Making Sense of Generative Adversarial Networks(GAN)

Atul Kumar
Analytics Vidhya
Published in
5 min readSep 23, 2020

Why do we need Generative Adversarial Network: -

If we show a lot and lots of pictures of a person and car to a neural network and tell the network which one is a car and which one is a person’s picture then eventually this network learns to differentiate between a person and a car. So, when you feed a new picture of a car or a person it will tell whether it’s a person or a car as shown in Figure 1.1. Basically, what this network does is that it constructs a structure that is meaningful if we look at it.

But if you tell this network to generate a new unseen picture of a person or a car then it won’t be able to do that as shown in Figure 1.2.

Convolution Neural Networks

Most often we need to generate new samples of the same Input distribution and for that, we need a generative model

Generative Network: -

Input Data To Generative Network

If we feed these three types(Figure 2) of data to a Generative neural network then the network learned model will look like Figure 3. When we try to generate a sample form this trained generative neural network then it will generate Figure 4 since this is similar to the average of all three-input distribution. But by looking at it we say no this sample does not belong to any of the input data distribution. So, how to solve this problem. And the answer is randomness. So, the Generative models add randomness to generate indistinguishable results.

Figure3: Learned model, Figure 4: the output of the generative neural network

Adversarial Network: -

Suppose we want to train a network to correctly identify the digits from 0 to 9. We feed lots and lots of images of numbers 0,1, 2, and so on. While the training network gets rewarded for the right prediction and the wrong prediction network gives feedback and the network will adjust its weights accordingly and this process will get repeated over and over for all the images of all digits. But we as a human does not behave like this.

For example — Suppose as a teacher and you are teaching a child how to recognize 0–9 digits. For numbers 0, 2, 3, 4, 5, 6, 8, 9 he can get the right answer 70% time. But when he gets 1 and 7 digits, he will be like 50–50(he won’t be able to tell). Because digits 1 and 7 looks similar to him. So, when you notice this then you start focusing on 1 and 7 where he faces most of the problem. And this kind of balance possible in humans because if you keep asking the same thing where he is failing then eventually, he will get demotivated and will give up, but that’s not the case with neural networks because NN doesn’t have feelings. We can train the network for these errors again and again until the error come down as to other numbers.

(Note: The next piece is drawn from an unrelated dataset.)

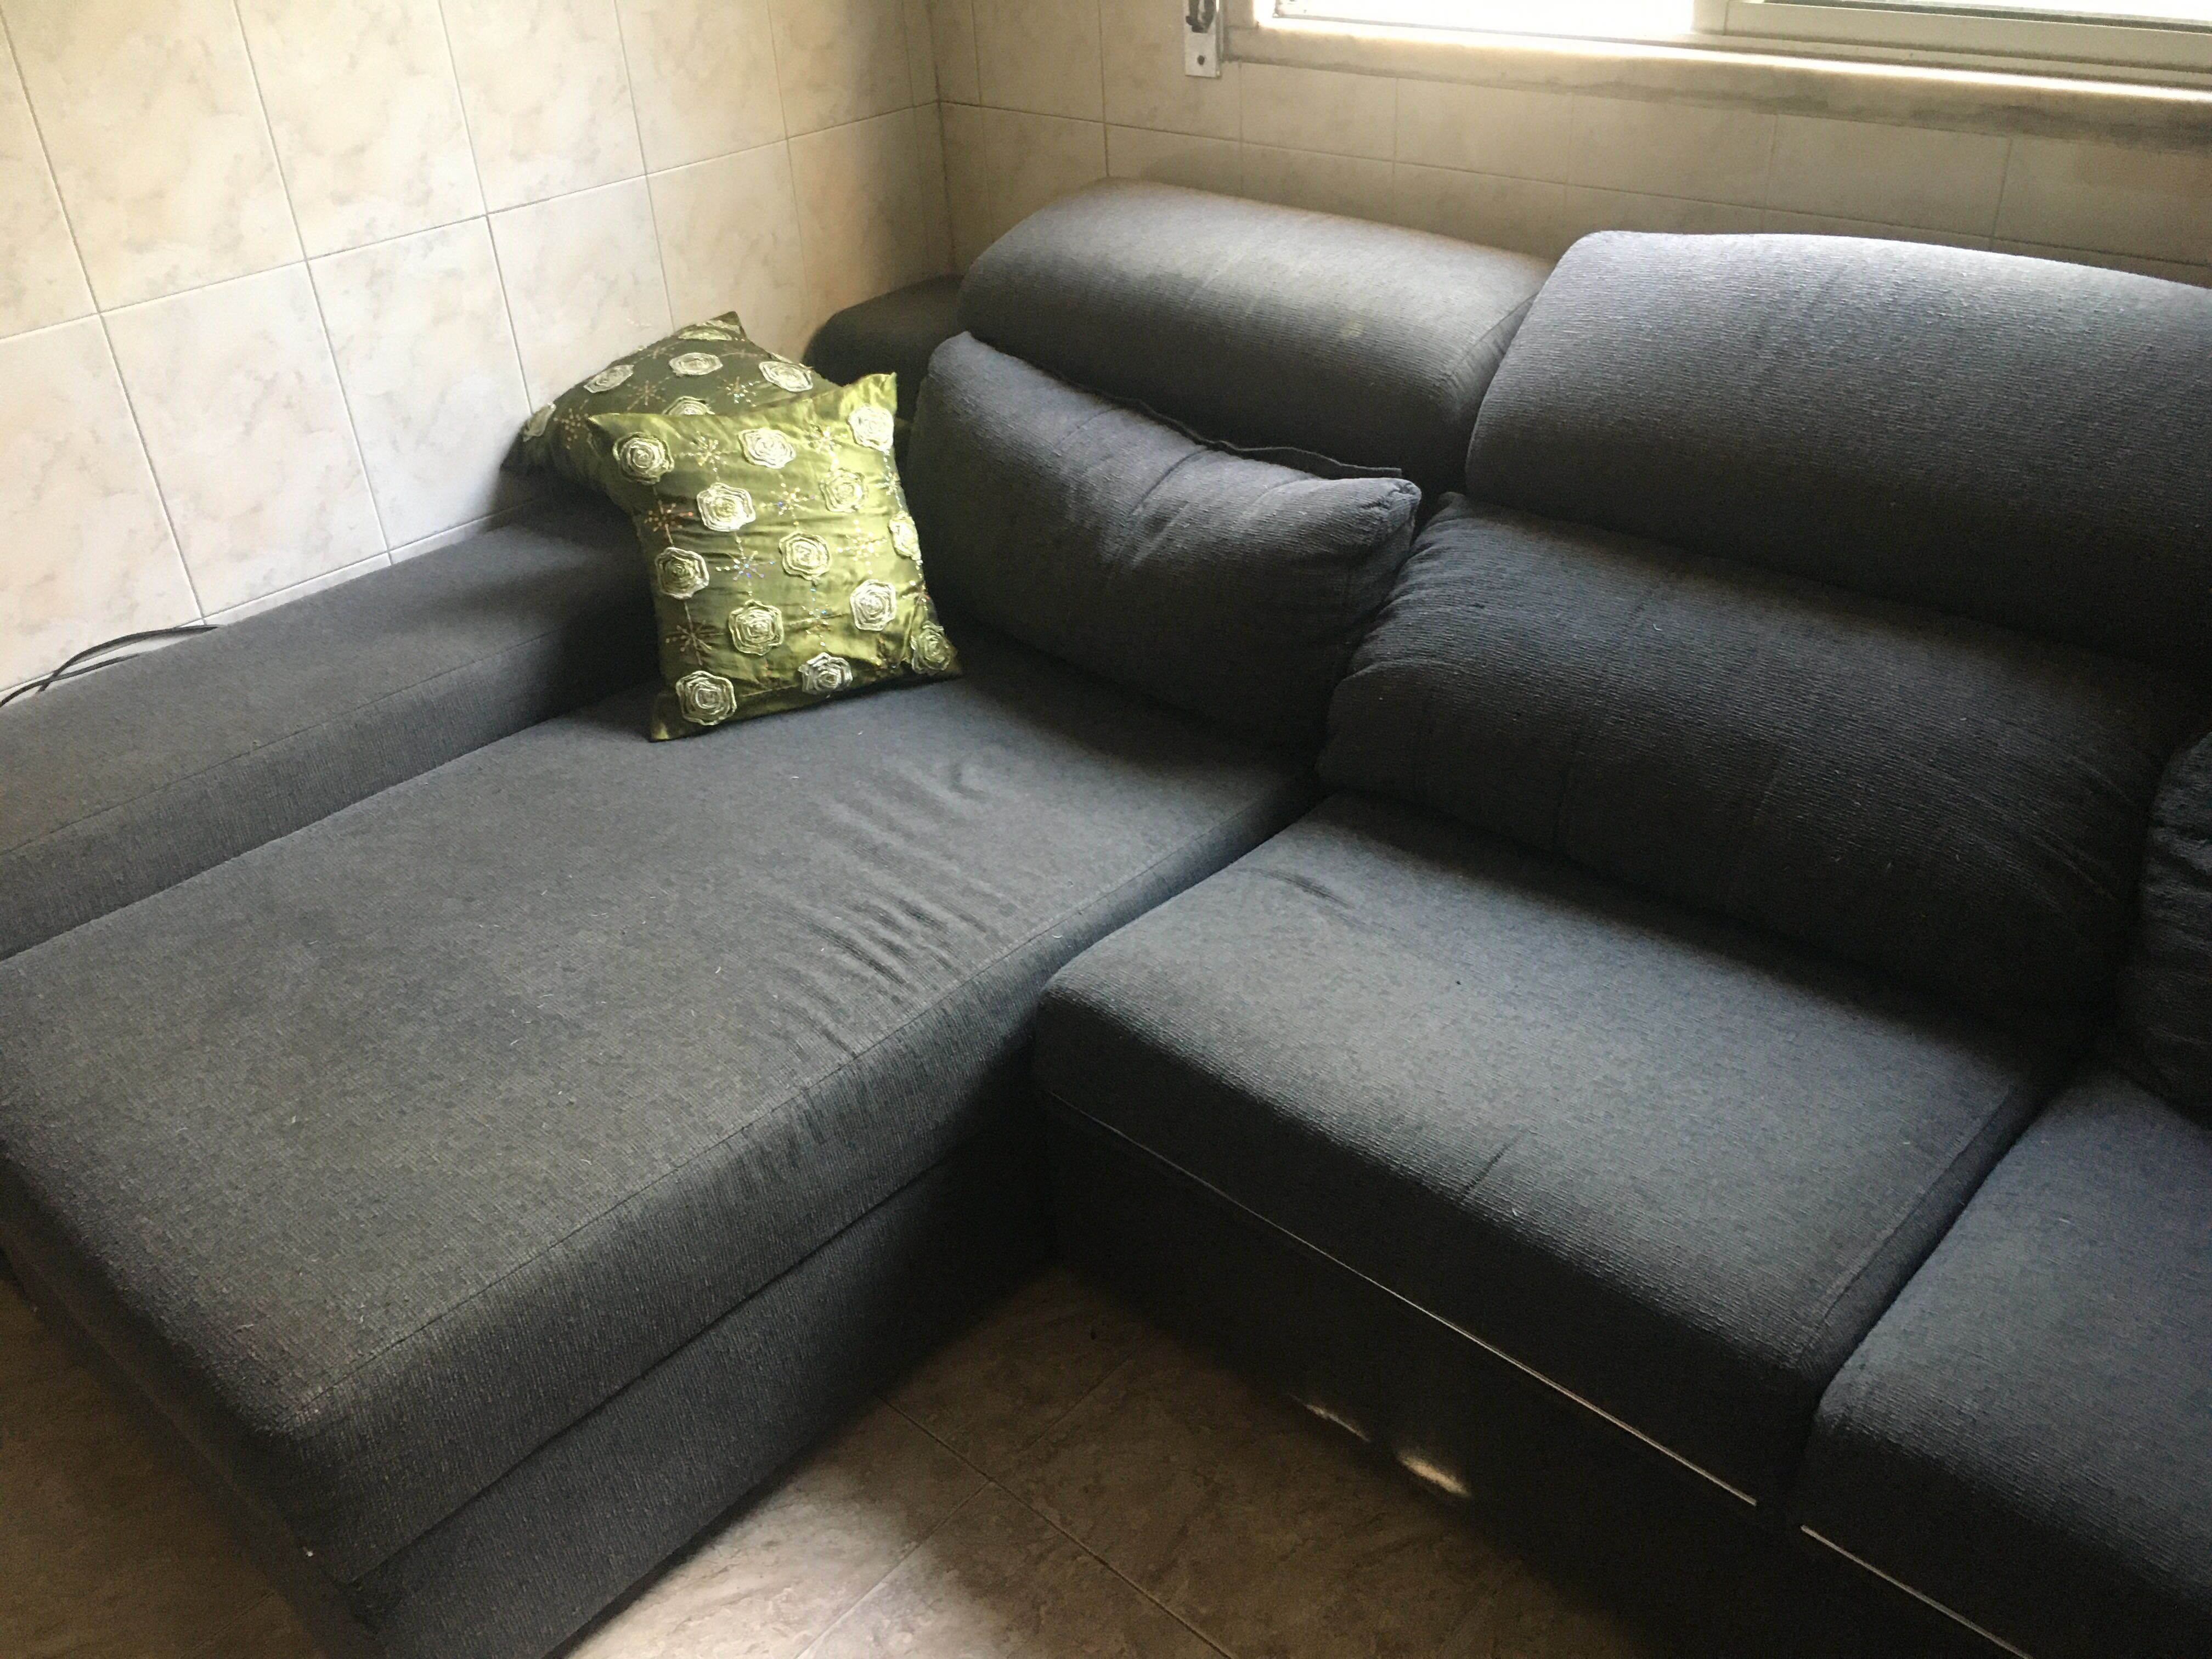 Higienização de colchão e sofás

This is true that some people may have faced a situation where their teachers ask the same thing to their student where they keep failing and which makes them feel that their teacher wants to fail them. And that’s behavior is actually adverse behavior.

How to make a similar scenario in neural networks? Actually, we can make an actual adverse network.

If there is some process which genuinely doing its best to make neural network to give us high error as much as possible and produce this effect and if it spots any weakness then it focuses on that therefore it forces the learner to learn not to have that weakness anymore.

Adversarial Network(Network competing with itself)

GAN(Generative Adversarial Network: -

GAN is consisting of two models / One is Discriminator an another is Generator. While training GAN both these networks literally compete with each other. Both these networks compete for the only parameter and that is the discriminator error rate. The generator adjusts its weight to produce a higher error and the Discriminator learns to try to lower the error. Let’s understand with the help of an example.

Figure 4:- GAN training process

Example: -

There is a forger who tries to make a fake painting to sell at a higher price. And there is one inspector to check the paintings to tell if a painting is fake or real.

So, initially, forger just draws some random lines on the paper and the inspector was like I hmm I am not sure. Because initially both Generator and Discrimination don’t have any learning.

Later forger painter learns more about different kinds of paint to make a painting that looks like the original painting and the inspector learns to the fined pattern to differentiate between fake and original painting. When Inspector looks at forgers newly generated painting then the inspector rejects it as it’s a fake and this process goes on. Eventually, a situation arises where Forger will make a picture that looks original, and Inspector tells that I am not sure whether is real or fake. In a neural network, terms Generate to produce a painting which looks like exactly original and Discriminator gives 0.5 as output which means discriminator is not able to differentiate between real and fake picture. At this point, we can chop off the Discriminator from the network to have a fully trained generator that can generate paintings that looks real.

There is more to this. If we feed lots of images of the car to the GAN network to generate a new car sample then one thing is sure that now GAN understands what is a car. Because the network will construct a structure which is also called a feature vector in latent space and these vectors are meaning full if we look at it. This latent space is a mapping to the input data distribution. And each dimension has meaning to particular features of the car. For example, if one axis in latent space belongs to the size of the car and another axis belongs to the color of the car.

So, if we move a data point in input distribution then there will be a very smooth transition in latent space also. And this causes the generation of a new unseen sample which is similar to input data distribution.